Non-blocking PUT in CHPL_COMM=ofi #25977

jhh67 · 2024-09-23T23:13:28Z

This PR implements non-blocking PUTs in CHPL_COMM=ofi correctly. Prior to Chapel 2.2, non-blocking PUTs were implemented via blocking PUTs, and blocking PUTs would be typically be "injected". The OFI injection functionality allows the source buffer to be reused immediately, and suppresses the completion event that normally indicates that the operation is complete. As a result, both blocking and non-blocking PUTs would incorrectly be considered complete when the function returned. Because injection allows the source buffer to be reused immediately this would not cause a race on the source buffer, but it would allow PUTs to be reordered and could potentially cause hangs because the upper layers would not know that there were outstanding PUTs that might require progressing the communication endpoint. Although it doesn't appear that we saw these problems in production use, the potential existed.

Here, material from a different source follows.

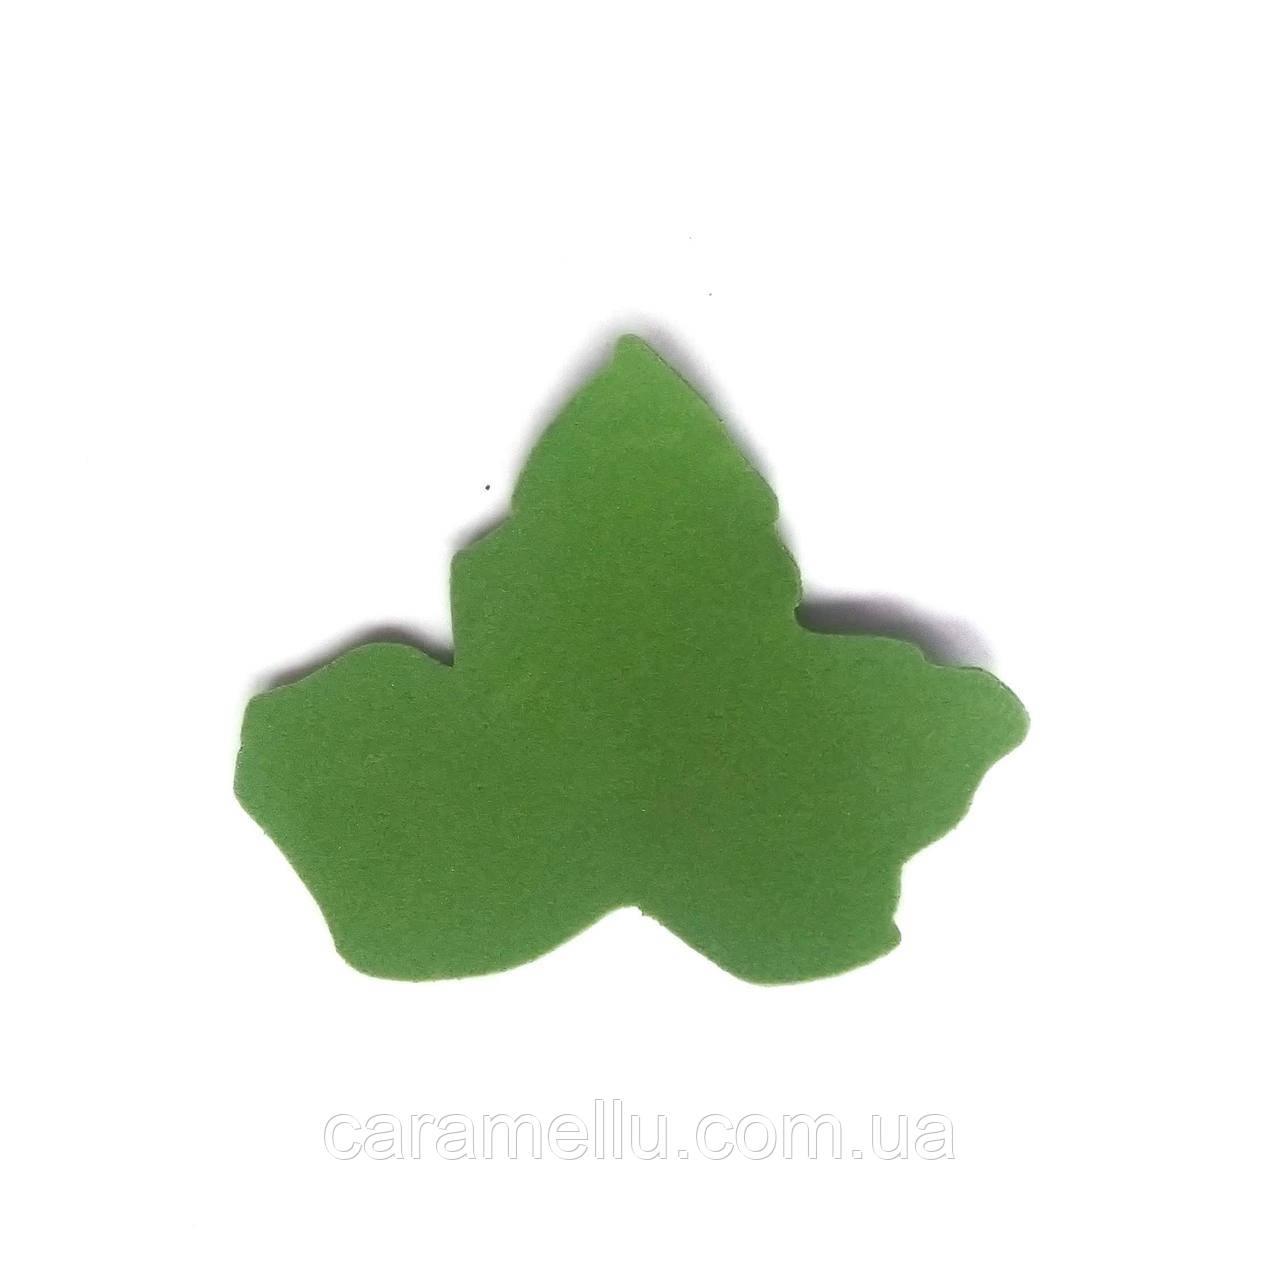 Лист земляники*5 см. Темно-зеленый 179

This PR flips the situation around so that a blocking PUT is implemented as a non-blocking PUT followed by waiting for the PUT to complete. The lower-level communication primitives are now all non-blocking. PUTs may still be injected, but I will likely remove that functionality in a subsequent PR because 1) it doesn't make sense to inject a blocking PUT because you are going to wait for it to complete anyway, and 2) the semantics of non-blocking PUTs in Chapel are that the caller may not reuse the source buffer until the PUT completes. As a result, neither benefit from injection.

As part of implementing this PR I changed the dangling PUT logic. A "dangling PUT" one that may not be visible, and will need to be forced into visibility when required by the Chapel memory consistency model. Previously, PUTs were not allowed to dangle if transmit contexts were unbound, which led to a lot of special-case code to deal with bound and unbound transmit contexts. Now all dangling PUTs are treated the same whether or not the transmit contexts are bound, and dangling PUTs are forced into visibility when an unbound transmit context is freed. They could possibly be deferred until even later, but we expect unbound transmit contexts to be the exception so it doesn't make sense to optimize them further. This change simplifies the code without degrading performance.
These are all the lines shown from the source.